Could you please tell me if the antiderivative of e^2x is e^2x/2 and if 2e^2x is e^2x/2? I got both of these answers by doing the opposite of taking the derivative. For example, the derivative of e^2x is e^2x(2), so wouldn't the antiderivative be e^2x/2?

Thank you very much

2. Originally Posted by chocolatelover
Hi everyone,

Could you please tell me if the antiderivative of e^2x is e^2x/2 and if 2e^2x is e^2x/2? I got both of these answers by doing the opposite of taking the derivative. For example, the derivative of e^2x is e^2x(2), so wouldn't the antiderivative be e^2x/2?

Thank you very much
how can the antiderivative of $\displaystyle \frac 12e^{2x}$ be the same as that of $\displaystyle 2e^{2x}$? won't they differ by a factor of 4?

$\displaystyle \int e^{2x}~dx = \frac 12 e^{2x} + C$

we can get this, as you say, by reversing the differentiation operation. or the more standard way to do it is by a substitution of $\displaystyle u = 2x$. in addition, it is simple enough (if memorizing something is simple for me, it means it's simple, my memory is horrible) to memorize $\displaystyle \int e^{kx}~dx = \frac 1k e^{kx} + C$, where $\displaystyle k$ is a constant, and $\displaystyle k \ne 0$

now what do you think $\displaystyle \int 2e^{2x}~dx$ is?

3. You can also memorize the rule that if $\displaystyle F(x) +C= \int f(x) dx$ then $\displaystyle \int f(ax+b) dx = \frac{1}{a}F(ax+B)+C$ if $\displaystyle a\not = 0$.

4. Originally Posted by ThePerfectHacker
You can also memorize the rule that if $\displaystyle F(x) +C= \int f(x) dx$ then $\displaystyle \int f(ax+b) dx = \frac{1}{a}F(ax+B)+C$ if $\displaystyle a\not = 0$.
You must be forgetting about linear functions. Why would you divide by the constant a in that case?

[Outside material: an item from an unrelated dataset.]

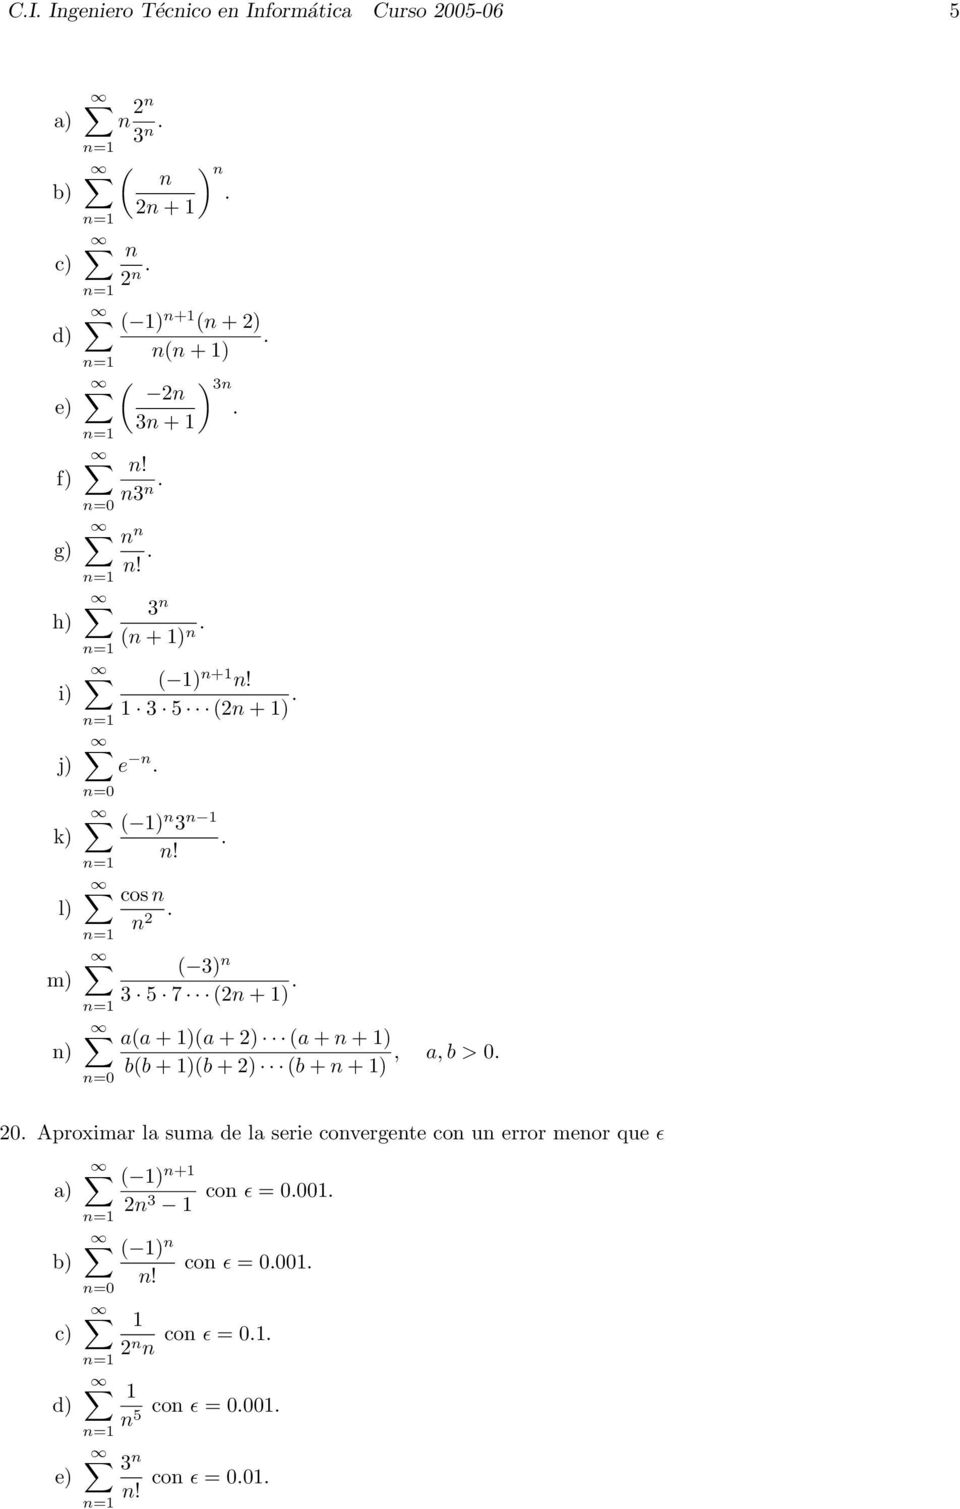 =0 cos ( 3) 3 5 7 ( + ) a(a + )(a + ) (a + + ), a, b > 0 b(b + )(b + ) (b + + ) 0 Aproximar

5. What are you taking about?

6. Originally Posted by colby2152
You must be forgetting about linear functions. Why would you divide by the constant a in that case?
he is talking about linear functions. his conclusion follows by integration by substitution. that's how i do it as well. whenever i have a composite function in which the inner function is linear, i don't go through the trouble of integrating by substitution, i just know the integral will be the integral of the whole function divided by the derivative of the inner function--pretty much the direct opposite of the chain rule for derivatives (which is what the method of substitution models in general)

7. Originally Posted by ThePerfectHacker
Your rule fails if you let f(x) = x.

8. Originally Posted by colby2152
Your rule fails if you let f(x) = x.
How?

$\displaystyle \int x dx = \frac{1}{1}F(1x+0)+C$ where $\displaystyle F(x) = \int xdx = \frac{1}{2}x^2$.

9. Originally Posted by ThePerfectHacker
How?

$\displaystyle \int x dx = \frac{1}{1}F(1x+0)+C$ where $\displaystyle F(x) = \int xdx = \frac{1}{2}x^2$.
Let a = 2, so $\displaystyle F(2x) = 2x^2$... so unless I am mistaken your rule would give an answer of just $\displaystyle x^2$

10. Originally Posted by colby2152
Let a = 2, so $\displaystyle F(2x) = 2x^2$... so unless I am mistaken your rule would give an answer of just $\displaystyle x^2$
You are mistaken.
$\displaystyle \int (2x) dx = \frac{1}{2}F(2x)+C$ where $\displaystyle F(x) = \int x dx = \frac{1}{2}x^2$.
Thus,
$\displaystyle \frac{1}{2}F(2x) = \frac{1}{2}\cdot \frac{1}{2}(2x)^2 = x^2$